The GQA scheme has since been replaced as a way of recording the water quality of the river systems in England. Each is given an overall ecological status, which may be one of five levels: high, good, moderate, poor or bad. There are several components that are used to determine this, including biological status, which looks at the quantity and varieties of invertebrates, angiosperms and fish. Chemical status, which compares the concentrations of various chemicals against known safe concentrations, is rated good or fail.

The water quality of the Foudry Brook system was as follows in 2019.

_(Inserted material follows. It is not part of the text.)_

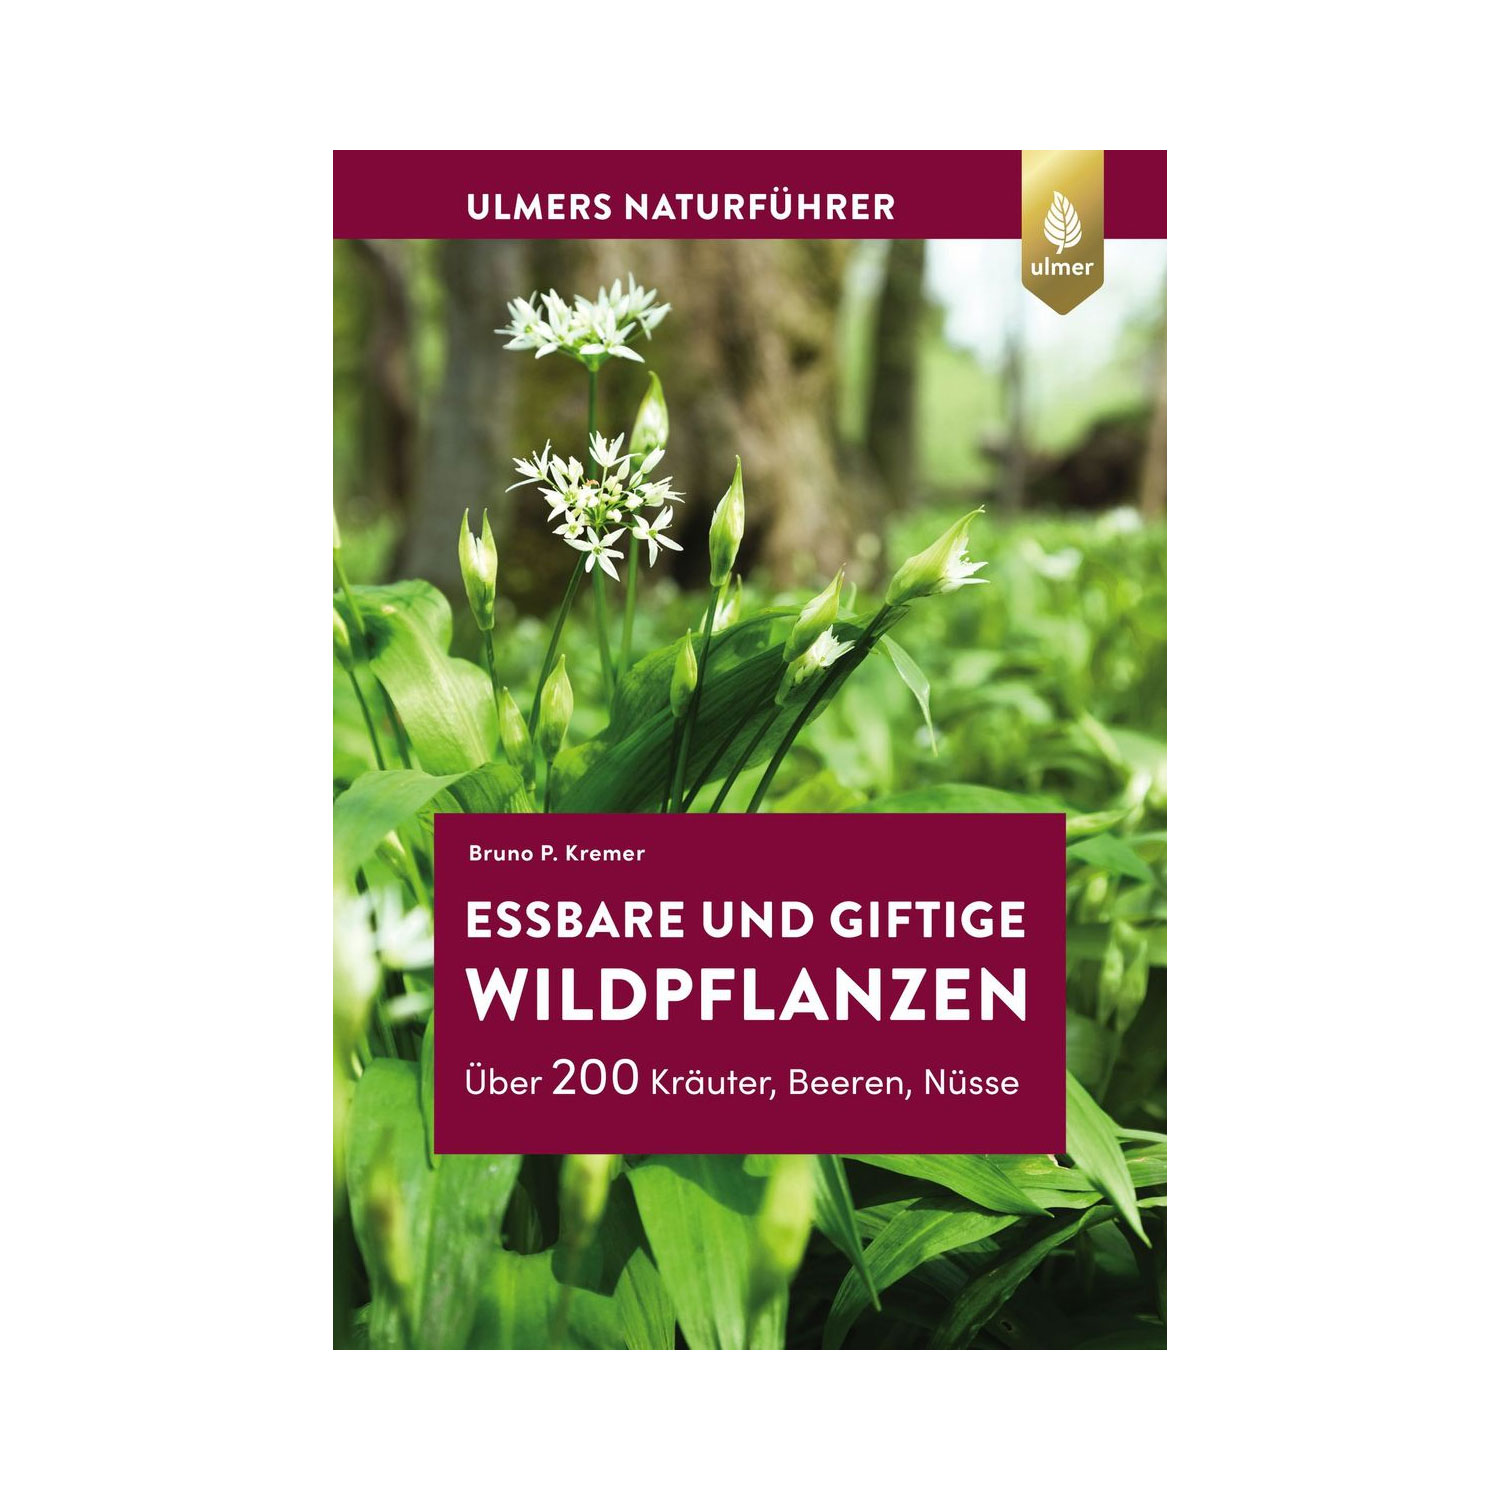 Essbare und giftige Wildpflanzen - ein kleiner Naturfphrer mit Rezepten aus dem Ulmer Verlag

| Section | Ecological Status | Chemical Status | Overall Status | Length | Catchment |
|---|---|---|---|---|---|
| Silchester Brook | Moderate | Fail | Moderate | 6.9 miles (11.1 km) | 8.94 square miles (23.2 km^{2}) |
| West End Brook (tributary of Foudry Brook) | Poor | Fail | Poor | 1.1 miles (1.8 km) | 4.27 square miles (11.1 km^{2}) |
| Burghfield Brook | Moderate | Fail | Moderate | 4.2 miles (6.8 km) | 7.02 square miles (18.2 km^{2}) |
| Foudry Brook (West End Brook to M4) | Poor | Fail | Poor | 7.7 miles (12.4 km) | 9.08 square miles (23.5 km^{2}) |

Water quality on Silchester Brook has improved from poor in 2015 to moderate in 2016. Most of the reasons for it not achieving good quality are connected with sewage discharge. West End Brook dropped from moderate to bad in 2015, and the reasons for it not being good are mainly to do with physical modification of the channel, which prevents fish freely moving around the system, and the presence of the invasive species, the North American signal crayfish. Burghfield Brook is affected by discharges from industry, and the main factors affecting the Foudry Brook are physical modification of the channel and sewage discharge.

The brook is prone to flooding along its length, which has caused the most problems on the outskirts of Whitley, where its water voles hinder raising banks and expansion of water-meadows.

==Pollution==
In an action brought by the Environment Agency in 2002, Total Fina Elf UK Ltd was fined £54,000 for causing petrol to enter groundwater and a tributary of the Foudry Brook, from its service station in Tadley. Between January 1999 and March 2001 from 2,000 up to 10,000 litres seeped into the ground from leaks in an underground petrol tank, and from filler and suction lines.

In July 2010 a serious leak from sewage works into the Brook near Silchester killed hundreds of fish and many other organisms on a three-mile stretch.

In 2025, Thames Water recorded 14 sewage spills into the Foudry Brook totalling 168.5 hours, a figure which is nearly double their own stated long-term average of 8 spills per year.